Analyzing the variances of dependent variables and the sums of those variances is an essential aspect of statistics and actuarial science. The concept of covariance is an indispensable tool for such analysis.
Let us assume that there are two random variables, X and Y. We can call the mathematical expectations of each of these variables E(X) and E(Y) respectively, and their variances Var(X) and Var(Y) respectively. What do we do when we want to find the variance of the sum of the random variables, X+Y? If X and Y are independent variables, this is easy to determine; in that case, simple addition accomplishes the task: Var(X+Y) = Var(X) + Var(Y).
But what if X and Y are dependent? Then the variance of the sum most often does not simply equal sum of the variances. Instead, the idea of covariance must be applied to the analysis. We shall denote the covariance of X and Y as Cov(X, Y).
Two crucial formulas are needed in order to deal effectively with the covariance concept:
Var(X+Y) = Var(X) + Var(Y) + 2Cov(X, Y)
Cov(X, Y) = E(XY) – E(X)E(Y)
We note that these formulas work for both independent and dependent variables. For independent variables, Var(X+Y) = Var(X) + Var(Y), so Cov(X, Y) = 0. Similarly, for independent variables, E(XY) = E(X)E(Y), so Cov(X, Y) = 0.
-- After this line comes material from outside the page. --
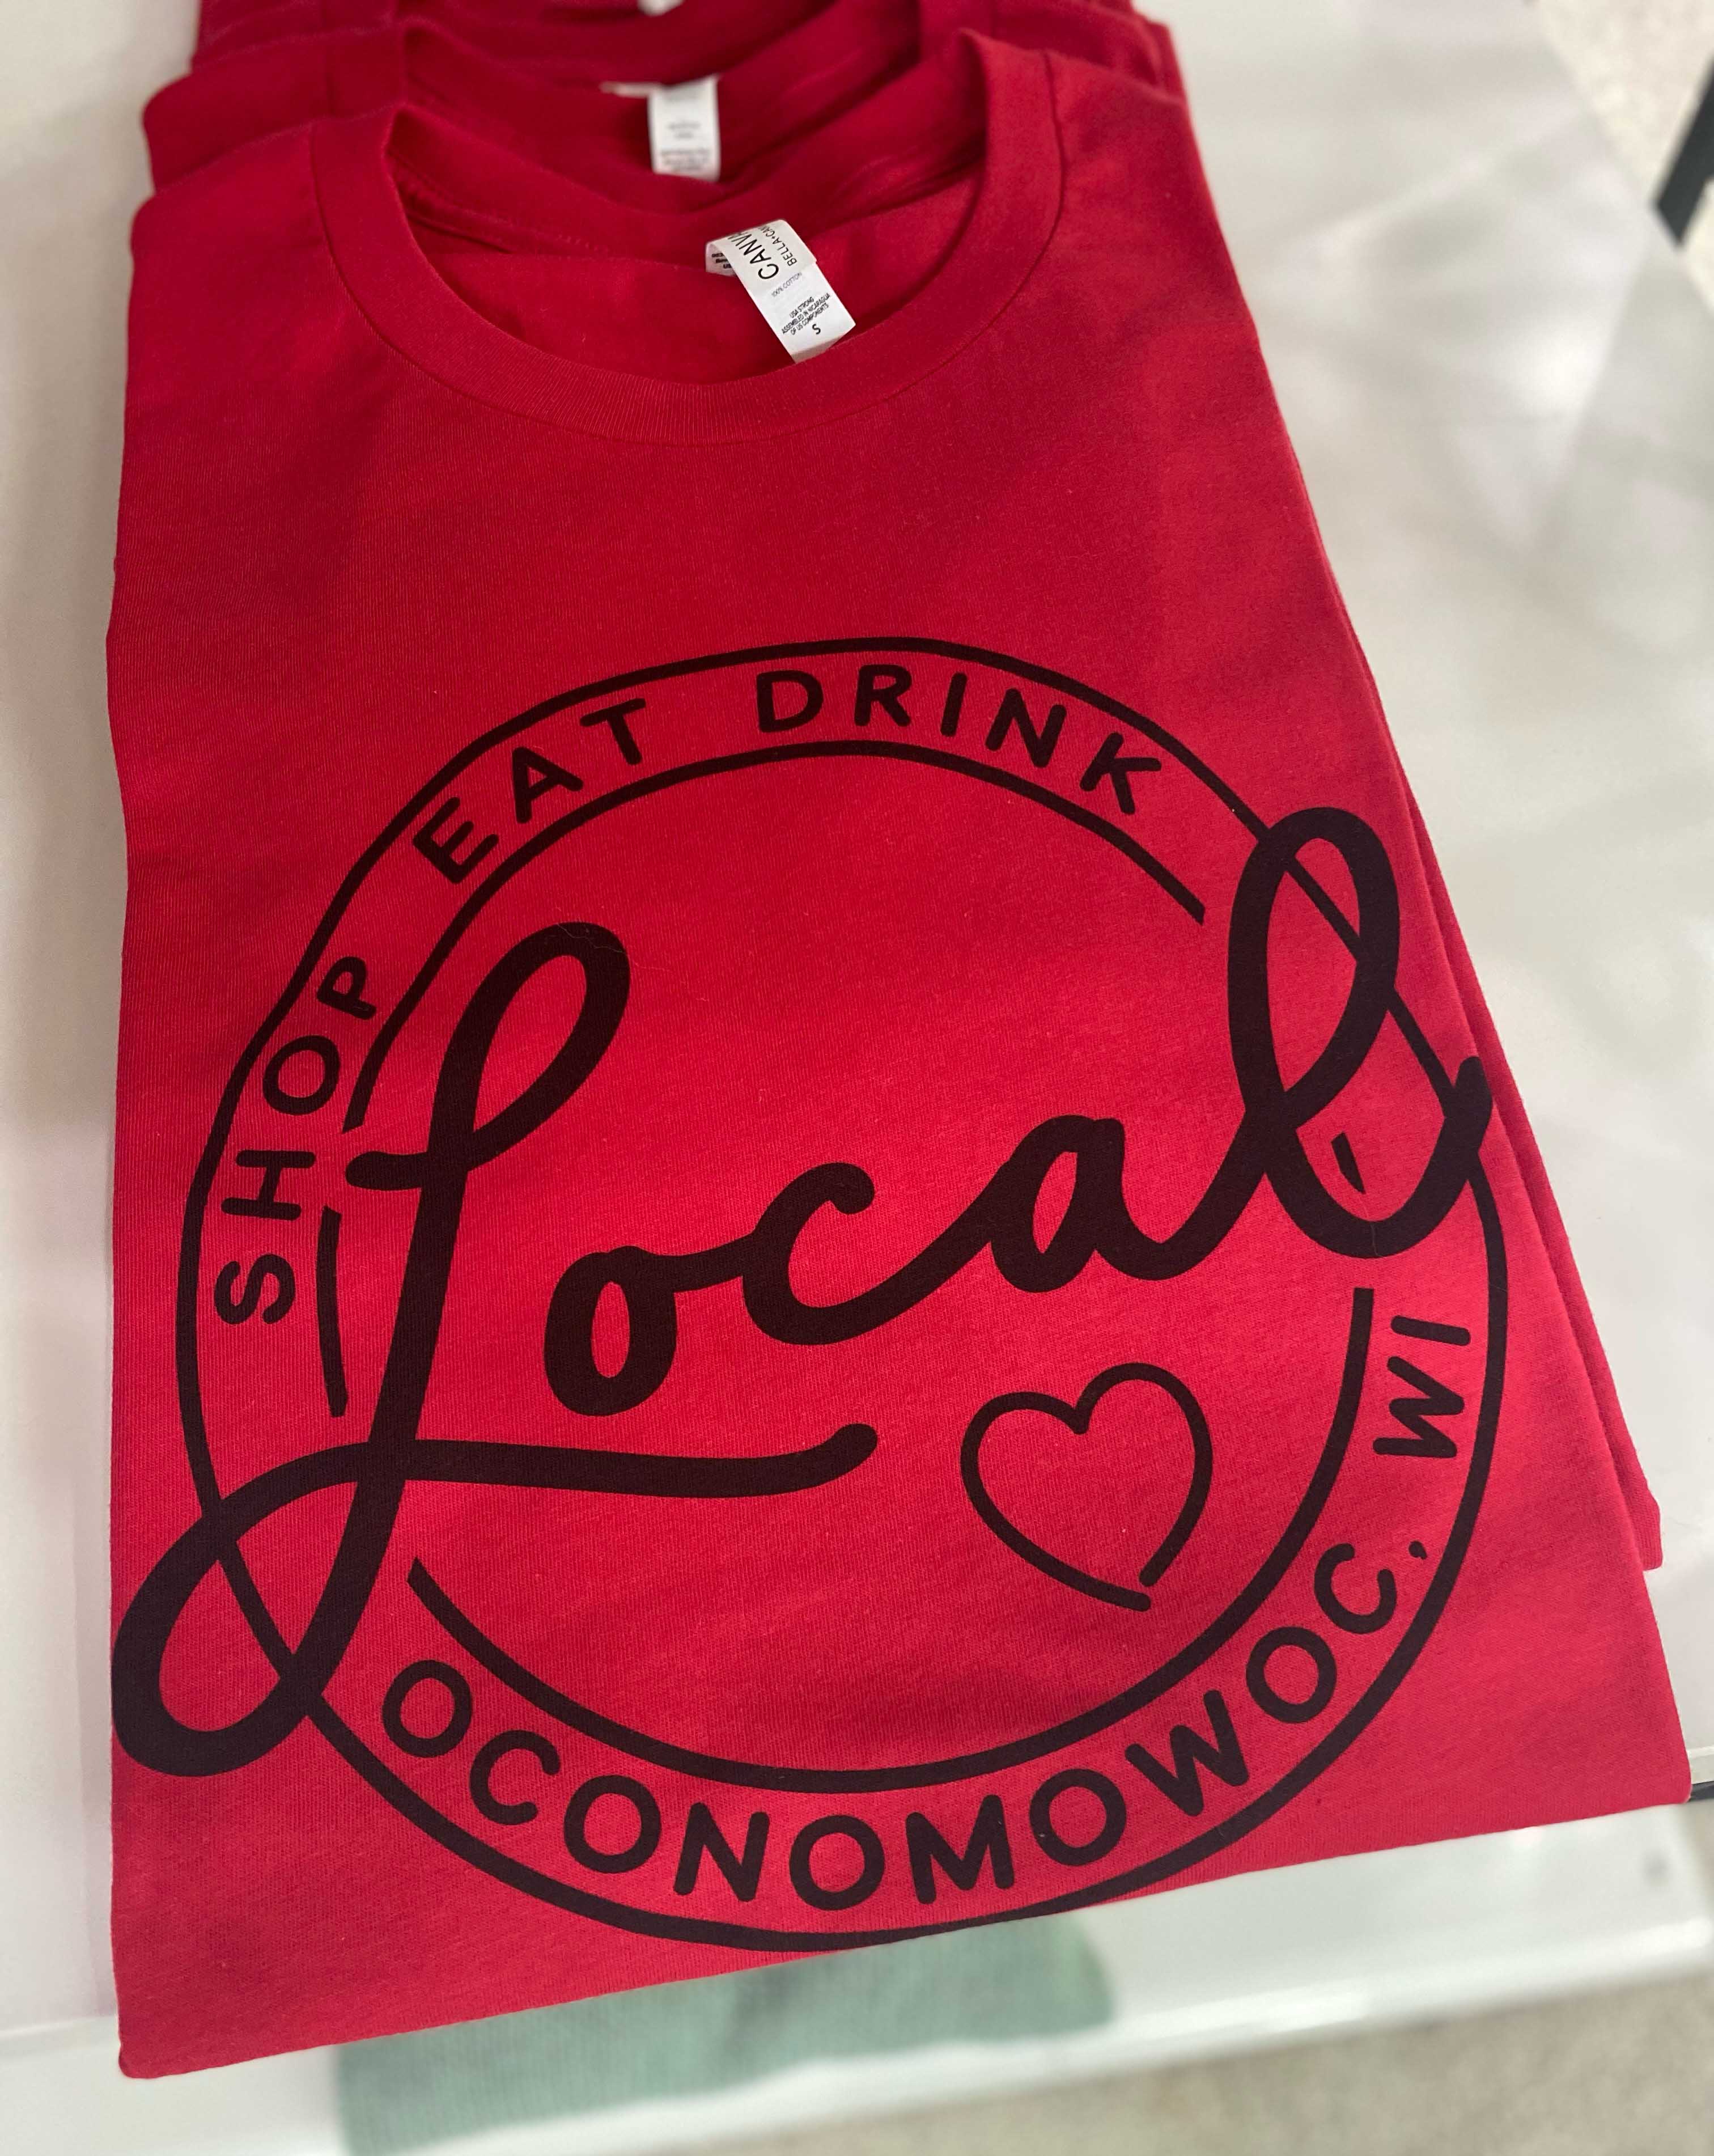 Shop Eat Drink Local Oconomowoc T-shirt

This leads us to the general insight that the covariance of independent variables is equal to zero. Indeed, this makes conceptual sense as well. The covariance of two variables is a tool that tells us how much of an effect the variation in one of the variables has on the other variable. If two variables are independent, what happens to one has no effect on the other, so the variables’ covariance must be zero.
Covariances can be positive or negative, and the sign of the covariance can give useful information about the kind of relationship that exists between the random variables in question. If the covariance is positive, then there exists a direct relationship between two random variables; an increase in the values of one tends to also increase the values of the other. If the covariance is negative, then there exists an inverse relationship between two random variables; an increase in the values of one tends to decrease the values of the other, and vice versa.
In some problems involving covariance, it is possible to work from even the most basic information to determine the solution. When given random variables X and Y, if one can compute E(X), E(Y), E(X2), E(Y2), and E(XY), one will have all the data necessary to solve for Cov(X, Y) and Var(X+Y). From the way each random variable is defined, one can derive the mathematical expectations above and use them to arrive at the covariance and the variance of the sums for the two variables.